In the California case, lawyers representing minors cleared a legal hurdle that allows them to pursue a claim that Facebook, Instagram, Snap Inc., TikTok Inc. and Alphabet Inc.'s YouTube knew that the physical harms of social media were “foreseeable and substantial,” Kuhl wrote her the ruling. The judge pointed to the “obvious inequality” between “unsophisticated minors” and the internet companies “who exercised total control over how their platforms functioned.”
Internet companies have long relied on Section 230 of the Communications Decency Act, a federal statute that has consistently shielded them from liability over comments, ads, pictures and videos on their platforms. Importantly, Kuhl ruled that laws protecting free speech and Section 230 don't stop the negligence claim in the collection of California cases from going forward.
Kuhl ruled the social media companies could be held liable for the allegations because they are “based on the fact that the design features of the platforms — and not the specific content viewed by plaintiffs — caused plaintiffs' harms.”
“This decision is an important step forward for the thousands of families we represent whose children have been permanently afflicted with debilitating mental health issues thanks to these social media giants,” lawyers for the plaintiffs said in a statement. “We are determined to use every legal tool at our disposal to hold these companies accountable for their actions and reach a just resolution.”
Google defended its practices in a statement Friday.
“Protecting kids across our platforms has always been core to our work,” Jose Castaneda, a Google spokesperson, said. “In collaboration with child development specialists, we have built age-appropriate experiences for kids and families on YouTube, and provide parents with robust controls. The allegations in these complaints are simply not true.”
The other companies didn't immediately respond to requests for comment on the ruling but they too have defended their practices in the past. Antigone Davis, Meta's Global Head of Safety, responded to one of the lawsuits in March saying the company wants teens to be safe online and offers more than 30 safety tools for kids and families, including supervision and age verification technology.
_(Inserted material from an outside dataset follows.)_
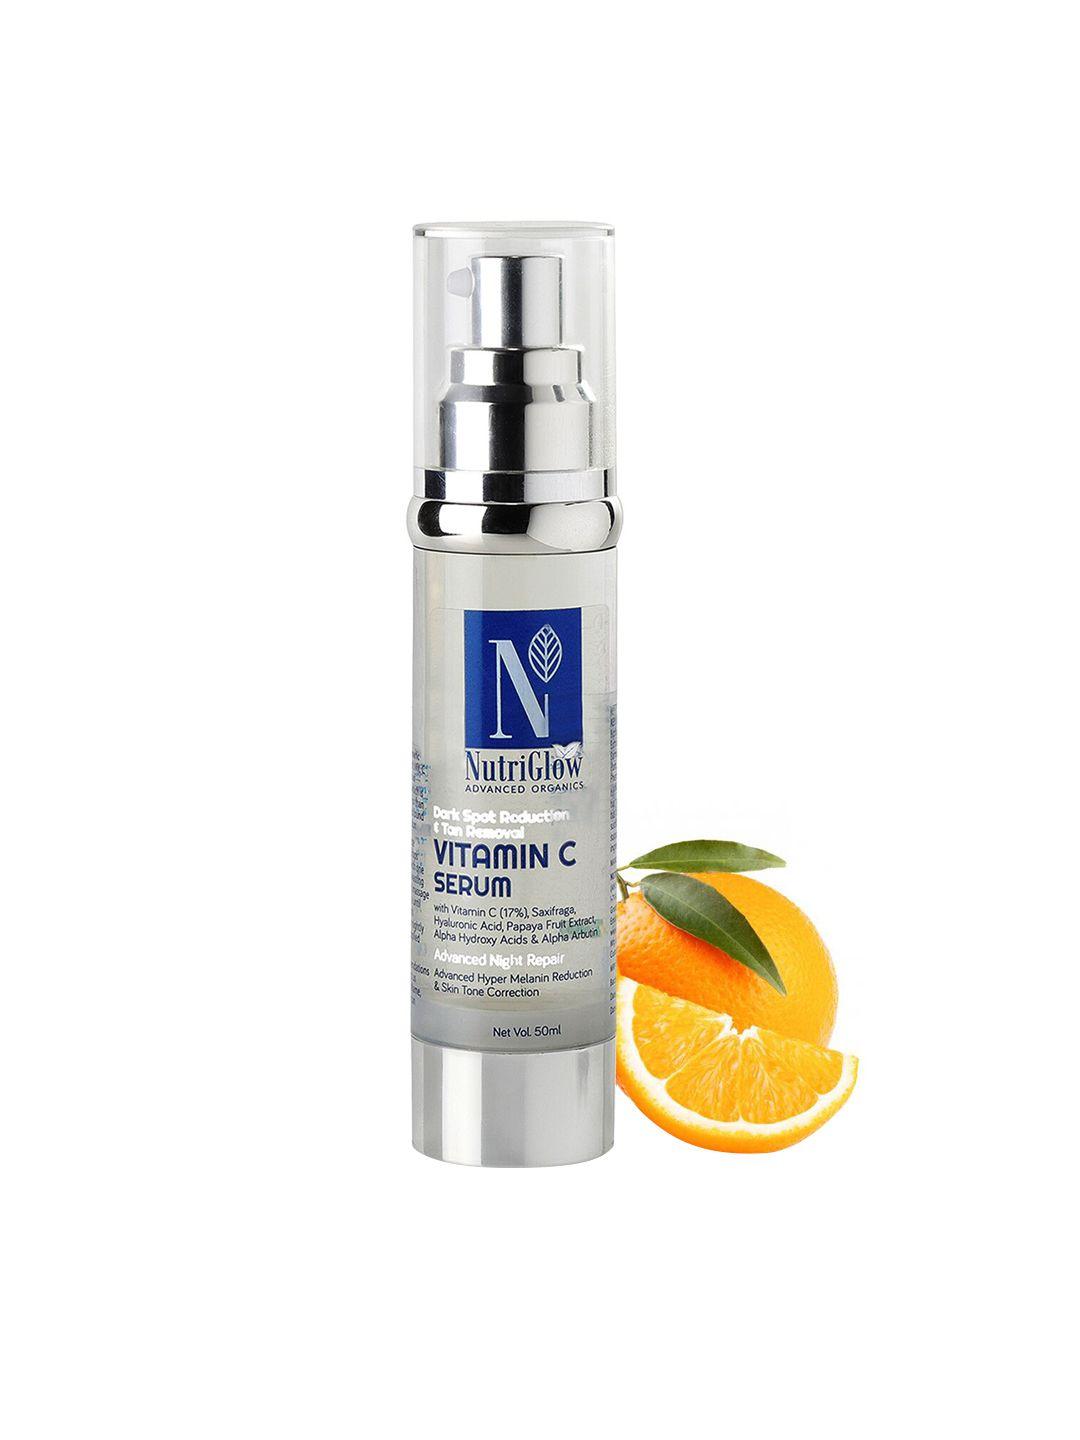 nutriglow advanced organics vitamin c serum for dark spots & tan removal - 50ml

The judge also tossed out seven other claims in the lawsuit, including an argument that the companies should be held liable for the defective design of their platforms. The concept of product liability was “created in a different era to solve different problems,” Kuhl wrote. Social media present “new challenges” under the law, she said, because they're not tangible. “One cannot reach out and touch them,” she said.
Lawyers representing minors in the similar collection of lawsuits filed in federal court also face a request by the companies to dismiss the litigation.
The case is Social Media Cases, 22STCV21355, Superior Court of the State of California, County of Los Angeles.